As seen above we have to clean certain values. First we replace na with “UNKNOWN”.

#replace na with unknown
crime_data_initial$SUSPECT_RACE[is.na(crime_data_initial$SUSPECT_RACE)] <-
  "UNKNOWN"
crime_data_initial$VICTIM_RACE[is.na(crime_data_initial$VICTIM_RACE)] <-
  "UNKNOWN"


Replace spelling errors/typos

crime_data_initial$SUSPECT_RACE[crime_data_initial$SUSPECT_RACE == "ASIAN OR PACIFIC ISL"] <-
  "ASIAN/PACIFIC ISLAND"
crime_data_initial$VICTIM_RACE[crime_data_initial$VICTIM_RACE == "ASIAN OR PACIFIC ISL"] <-
  "ASIAN/PACIFIC ISLAND"

crime_data_initial$SUSPECT_RACE[crime_data_initial$SUSPECT_RACE == "AMERICAN IINDIAN/ALA"] <-
  "AMERICAN INDIAN/ALAS"
crime_data_initial$VICTIM_RACE[crime_data_initial$VICTIM_RACE == "AMERICAN IINDIAN/ALA"] <-
  "AMERICAN INDIAN/ALAS"

Columns of Ethinicity

Columns of Ethinicity check unique values Ethnicity

unique(crime_data_initial$SUSPECT_ETHNICITY)
##  [1] "NOT OF HISPANIC ORIG" NA                     "UNKNOWN"             
##  [4] "AFRICAN AMERICAN"     "WHITE AMERICAN"       "HISPANIC ORIGIN"     
##  [7] "BLACK NOT OF HISPANI" "WHITE HISPANIC ORIGI" "WHITE NOT OF HISPANI"
## [10] "AMERICAN INDIAN"      "BLACK HISPANIC ORIGI" "AFRICAN"
unique(crime_data_initial$VICTIM_ETHNICITY)
##  [1] "NOT OF HISPANIC ORIG" NA                     "UNKNOWN"             
##  [4] "HISPANIC ORIGIN"      "AFRICAN AMERICAN"     "WHITE AMERICAN"      
##  [7] "BLACK NOT OF HISPANI" "WHITE NOT OF HISPANI" "ASIAN INDIAN"        
## [10] "EUROPEAN"             "INDONESIAN"           "AMERICAN INDIAN"     
## [13] "AFRICAN"              "CHINESE"              "BLACK HISPANIC ORIGI"
## [16] "WHITE HISPANIC ORIGI" "PAKASTANI"            "ALASKA NATIVE"

As seen above we have only NAs to clean here.

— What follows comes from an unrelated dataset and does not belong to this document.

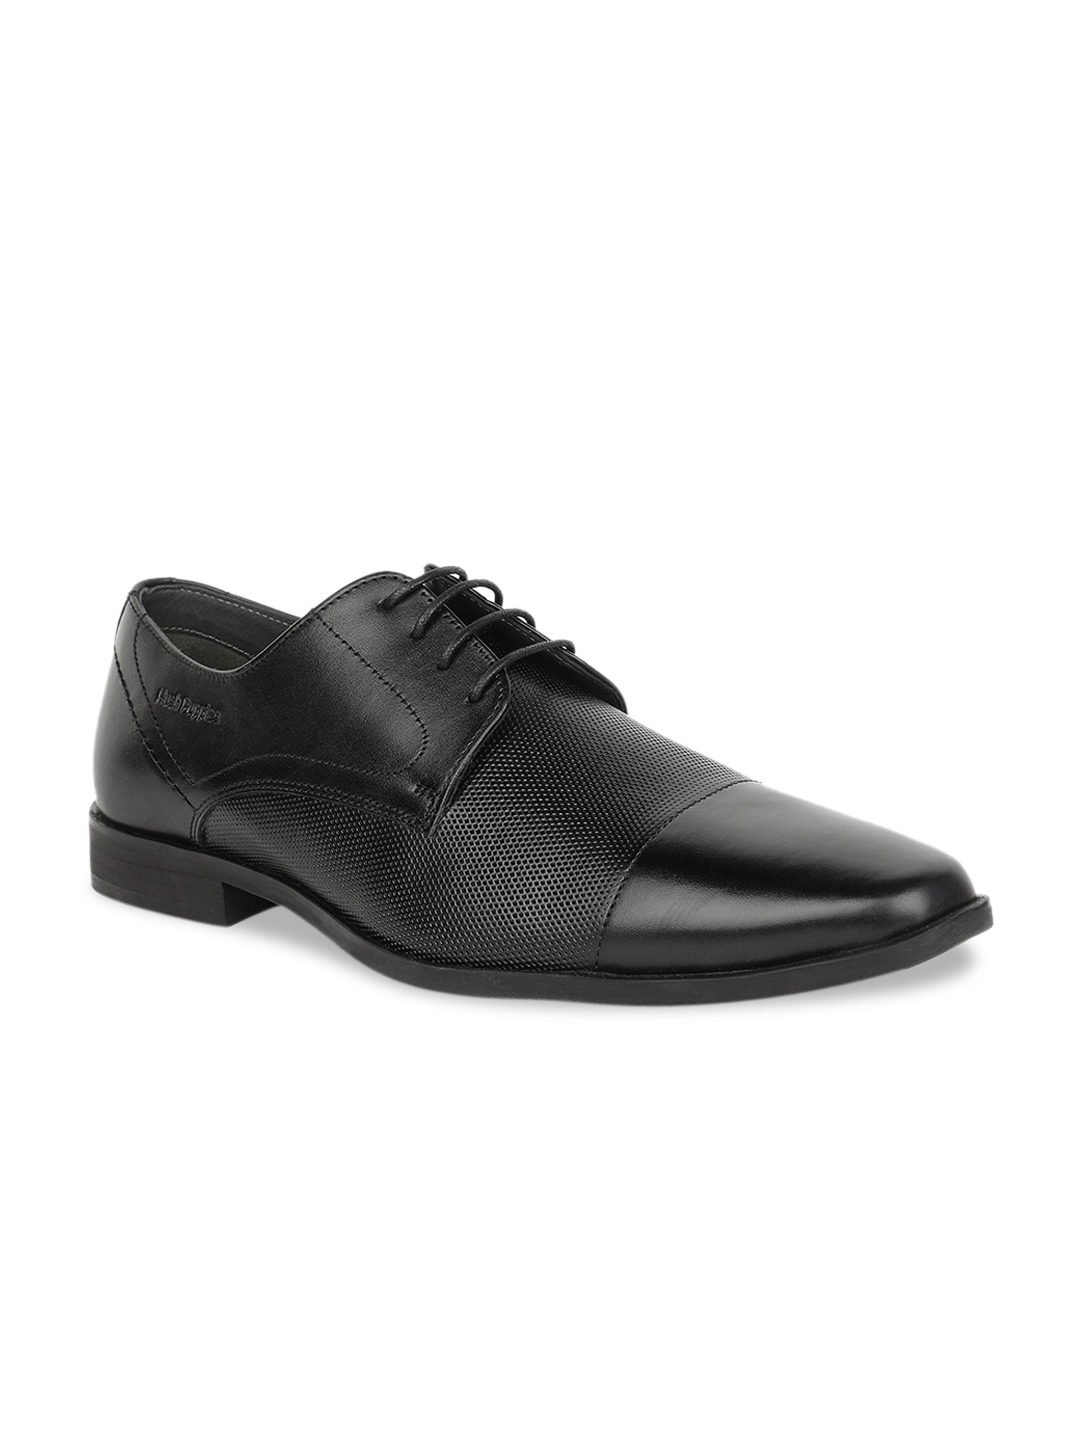 Buy Hush Puppies Men Black Solid Formal Leather Derbys - Formal Shoes ...

We replace NA with “UNKNOWN”

crime_data_initial$SUSPECT_ETHNICITY[is.na(crime_data_initial$SUSPECT_ETHNICITY)]<-
  "UNKNOWN"
crime_data_initial$VICTIM_ETHNICITY[is.na(crime_data_initial$VICTIM_ETHNICITY)]<-
  "UNKNOWN"

Drop Unrequired columns

Drop 1st column INSTANCEID as it is only a row identifier, DROP day of week as it is not required for analysis

crime_data_initial <- crime_data_initial[,-1]
crime_data_initial<-  subset(crime_data_initial, select= -DAYOFWEEK)

Drop unclean Zipcodes

Drop unclean zipcodes.

crime_data_initial$ZIP[crime_data_initial$ZIP > 99999 ] <- NA

Delete NAs

delete all na records

crime_data_no_na <- na.omit(crime_data_initial)

Convert datatypes

Convert data types found to be incorrect as per glimpse and summary output Delete any records having conversion error resulting in NA coercion this is because there were 326 alphanumeruc incident numbers

crime_data_no_na$INCIDENT_NO  <- as.numeric(crime_data_no_na$INCIDENT_NO) 
crime_data_no_na <- na.omit(crime_data_no_na)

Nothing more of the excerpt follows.